Strengths and limitations
One point of departure for the conducted studies is the assumption that Swedish healthcare providers do not openly declare their own personal values and would probably deny that such values influence clinical decision-making. This was also the reason why we developed the presented proxy method to discriminate value-neutral healthcare providers from value-influenced. An indication that the method is a valid way of identifying value-influenced respondents is the fact that we found a strong association (Odds Ratio) between on one hand ‘right to do so and trust increase’ and on the other hand ‘wrong to do so and trust decrease’ (OR: 192 (95% CI: 56.6–708.7)) in the study about smoking cessation.18
Even though the method does not include a classical blinding procedure, asking about trust instead of personal values might be considered as a proxy blinding procedure. One part of our results were not quite in accordance with what we might have expected, as pointed out in Table 2, compared to the observations presented in Table 3 (particular the hastening death vignette, doing something extra for the critical blogging patient).
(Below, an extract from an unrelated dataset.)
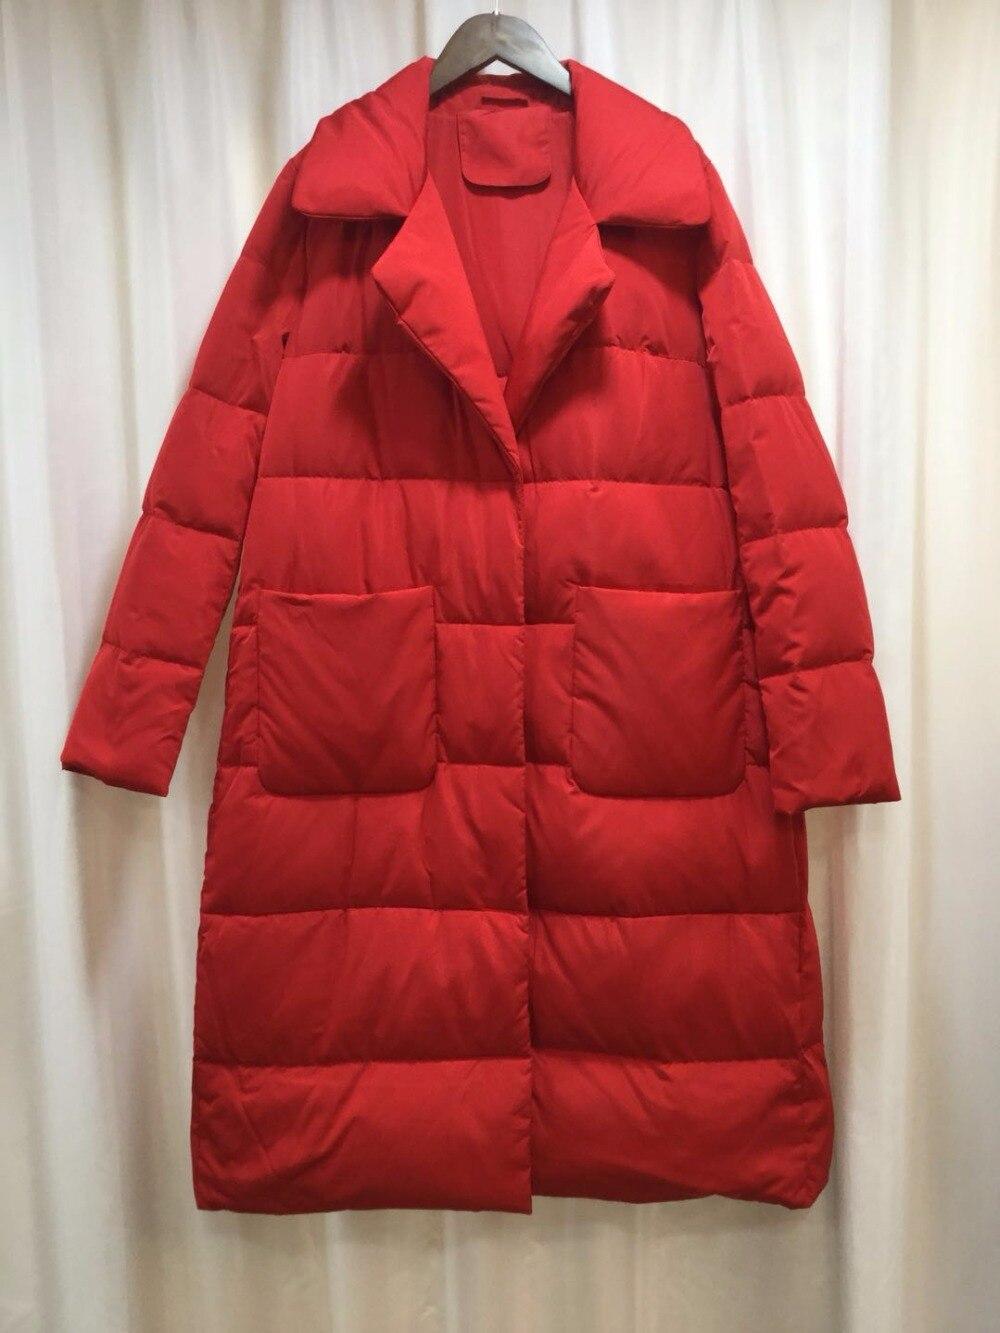 2019 moda de marca 100% pato blanco abajo grueso de abrigo parkas abrigo femenino traje Cuello estilo de capa chaqueta de abrigo largo de plumas wq75

However, in these cases, we believe that this was mainly due to framing effects. Further analysis of the associations between controversiality and value influencing are needed to corroborate this hypothesis.
Another interesting way of pushing this question further would be to work with other constructs of controversiality. For instance, focus group methodology in the target populations could be used to generate relative levels of controversiality, which could then be tested in regards to proportions of value influencing.
Conclusion
The study indicates that the proportions of value-influenced participants increase the more controversial an issue is and vice versa. In some cases framing effects may, however, influence or overshadow this association. As a bold hypothesis, we therefore suggest that an analysis of the proportions of value-neutral to value-influenced respondents may give an indication of how controversial an issue is.
Declaration of Conflicting Interests
The author(s) declared no potential conflicts of interest with respect to the research, authorship, and/or publication of this article.
Funding
The author(s) disclosed receipt of the following financial support for the research, authorship, and/or publication of this article: Financial support from the Swedish Research Council and from the Swedish Research Council for Health, Working Life and Welfare is gratefully acknowledged (2014-4024).